Le même spectacle désolant s’observe ailleurs, notamment sur la route entre la chapelle Nsimeyong et le quartier Damase, au lieu-dit descente Victor Hugo où les déchets empiètent sur la chaussée, ou encore au quartier Melen, près du Carrefour. Même le centre-ville n’est pas épargné. En face du restaurant municipal situé non loin du ministère des Finances, les employés de ce lieu de restauration déversent leurs ordures dans un espace vert clôturé.

Sur l’axe entre le ministère des Postes et Télécommunications et celui du Commerce, les détritus jonchent la chaussée, tandis qu’entre le Carrefour de l’Amitié et Tropicana dans le 4e arrondissement de la capitale, des dépôts d’ordures sont régulièrement brûlés, répandant une fumée âcre et nauséabonde.

Hysacam, qui assure la gestion des déchets dans cinq des sept communes d’arrondissement de Yaoundé, minimise sa responsabilité. Si des lacunes subsistent dans la gestion des communes qui lui ont été attribuées (Yaoundé 1ᵉʳ, II, III, IV et VII), l’entreprise affirme que la situation à Yaoundé VI et III ne relève pas de sa compétence, car n’ayant pas soumis de candidature pour ces circonscriptions. À la Communauté urbaine de Yaoundé, une source évoque « une solution en cours » sans plus de précisions.

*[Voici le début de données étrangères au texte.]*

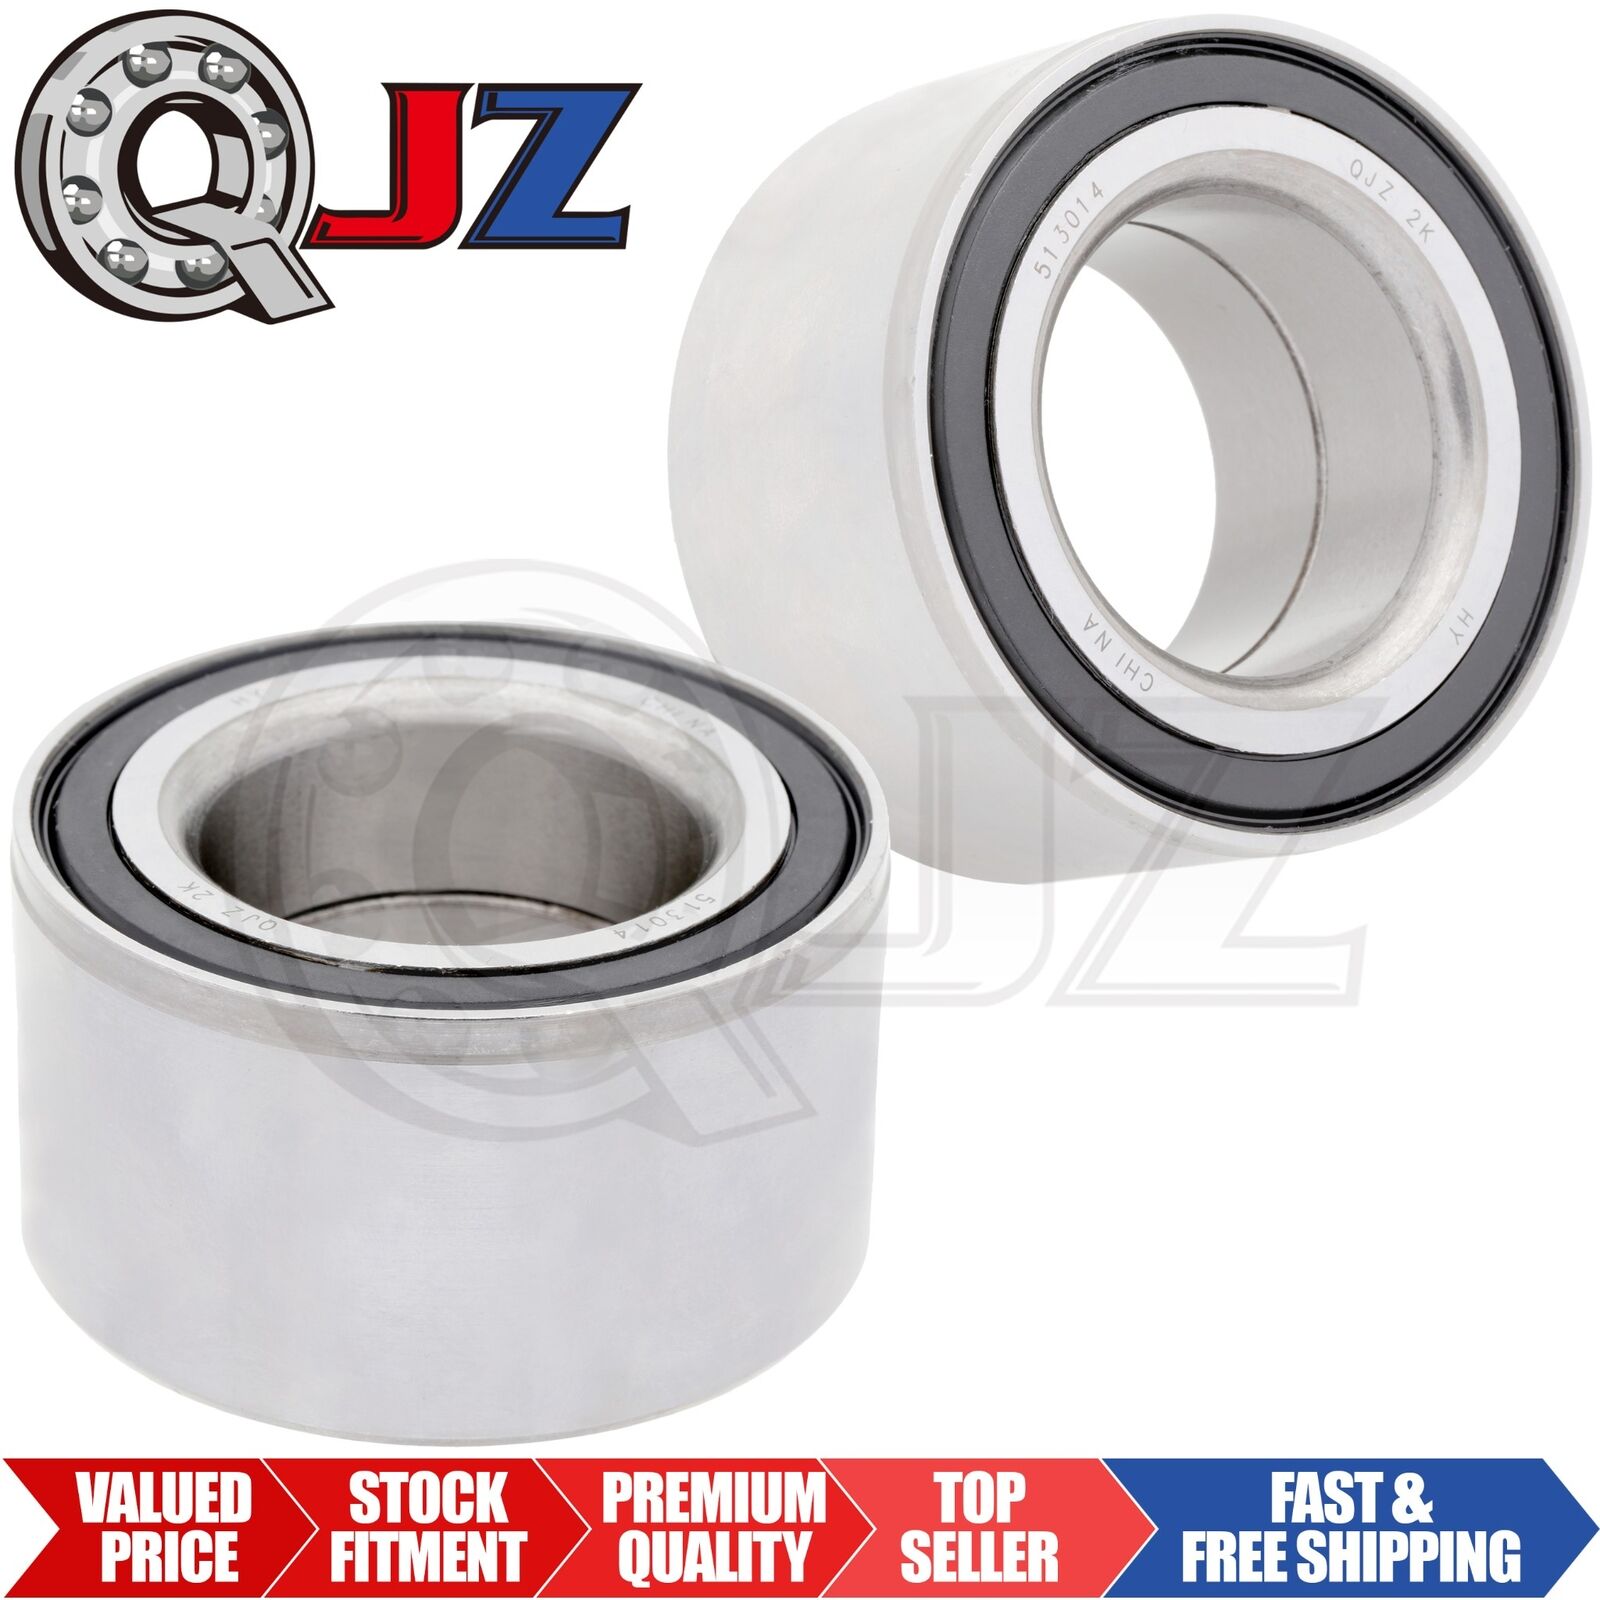 [FRONT(Qty.2)] Wheel Hub Bearing [68mm OD] For 1982-1988 Volkswagen Quantum FWD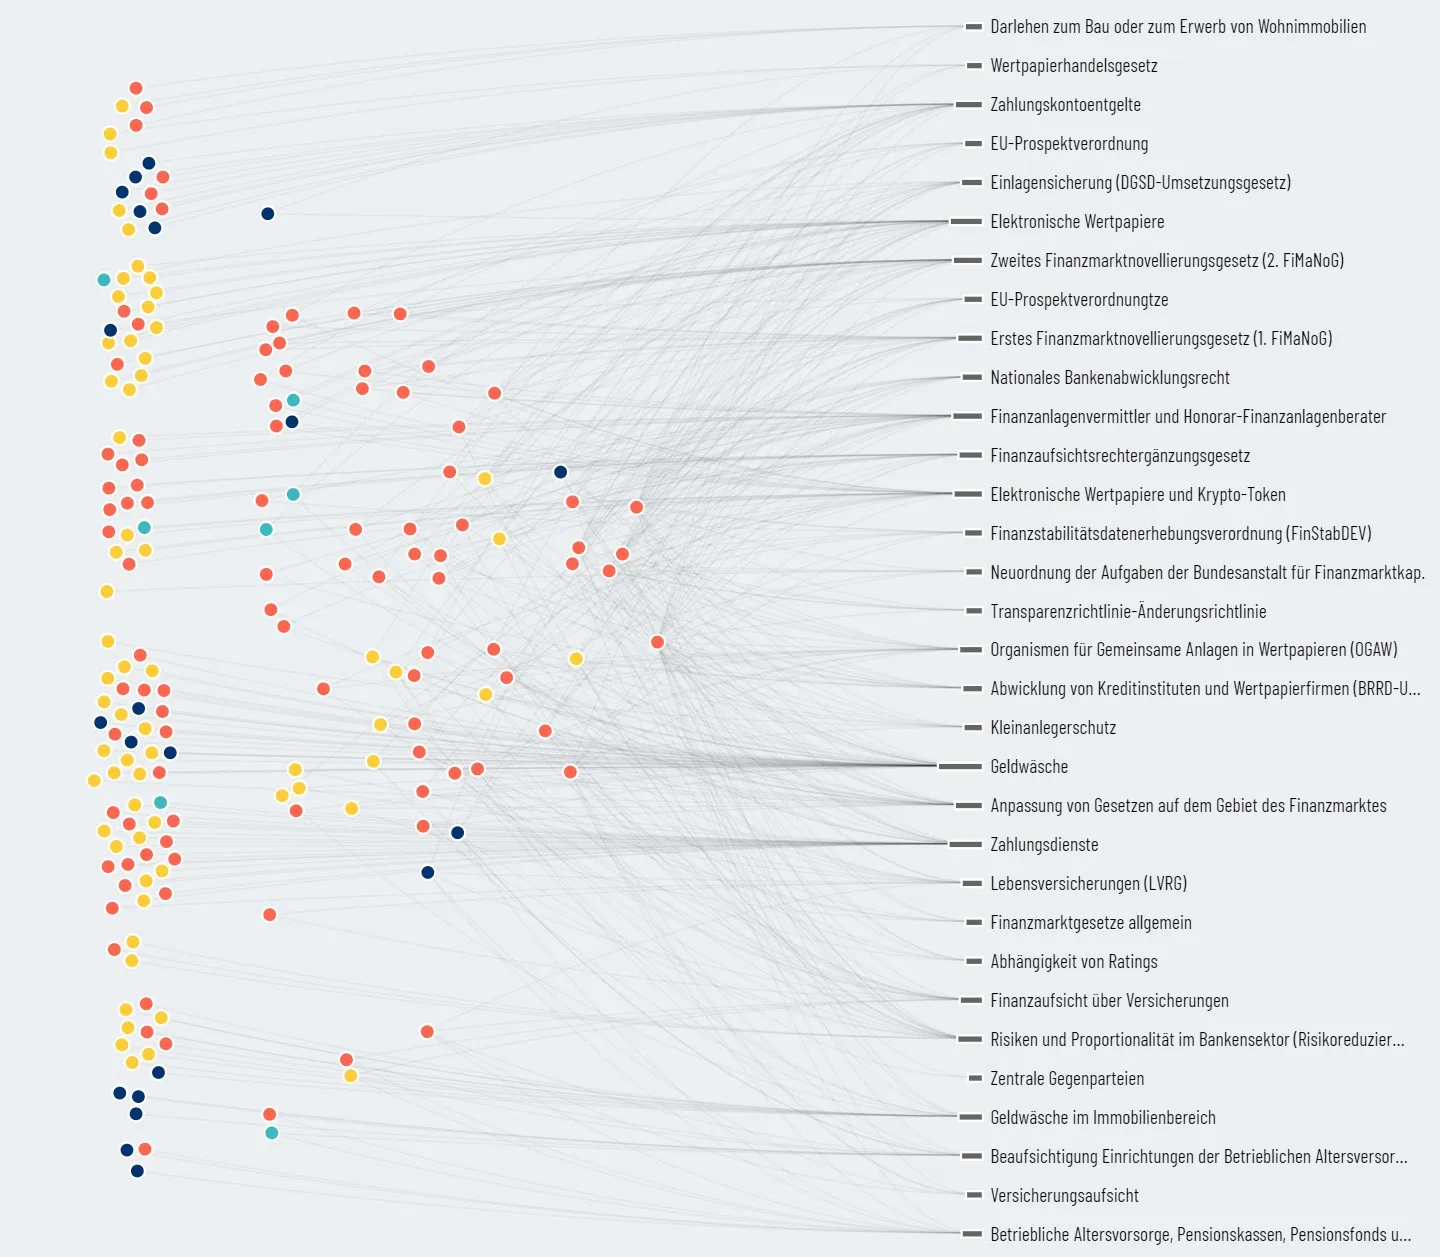 Visualizations of the lobby report from Finanzwende.

Toutefois, d’après notre source qui précise par ailleurs que l’appel d’offres lancé pour la gestion des déchets dans ces communes s’est soldé par un échec, elles ne seront pas abandonnées. « ces deux communes d’arrondissement ne seront pas abandonnées à leurs ordures ménagères. Des options s’offrent au maire de la ville. Il peut par exemple lancer une procédure normale de sélection d’un opérateur tout comme l’édile a la possibilité de recruter un nouvel opérateur par procédure de gré à gré », a-t-elle suggéré.

Solutions

Face à cette crise persistante, Célestine Ketcha Courtès, ministre de l’Habitat et du Développement urbain a organisé le 15 janvier 2025, une réunion pour tenter d’apporter des réponses. Rassemblant les responsables des entreprises de collecte Hysacam et Thychlof, les représentants des Communautés urbaines de Yaoundé et de Douala, ainsi que les maires d’arrondissements et diverses administrations, cette rencontre a permis de pointer les multiples causes de la prolifération des ordures.

Les prestataires citent notamment le non-paiement des factures, la non-contractualisation pour plusieurs exercices budgétaires, dont celui de 2025. Quant au ministre, elle évoque un manque d’engagement au niveau local. « Certaines communes, où l’on constate une vraie appropriation des questions d’hygiène, parviennent à rester propres. Les ordures, composées à 90 % de déchets ménagers, pourraient être transformées en compost biologique, une richesse inexploitée », a relevé le membre du gouvernement.

Comme solution urgente, Célestine Ketcha Courtès a annoncé le lancement d’une opération coup de poing de deux mois pour débarrasser les rues des immondices. Elle a également annoncé une dotation spéciale de 150 millions de FCFA pour chaque mairie d’arrondissement afin de financer des centres de regroupement des déchets et d’améliorer les collectes.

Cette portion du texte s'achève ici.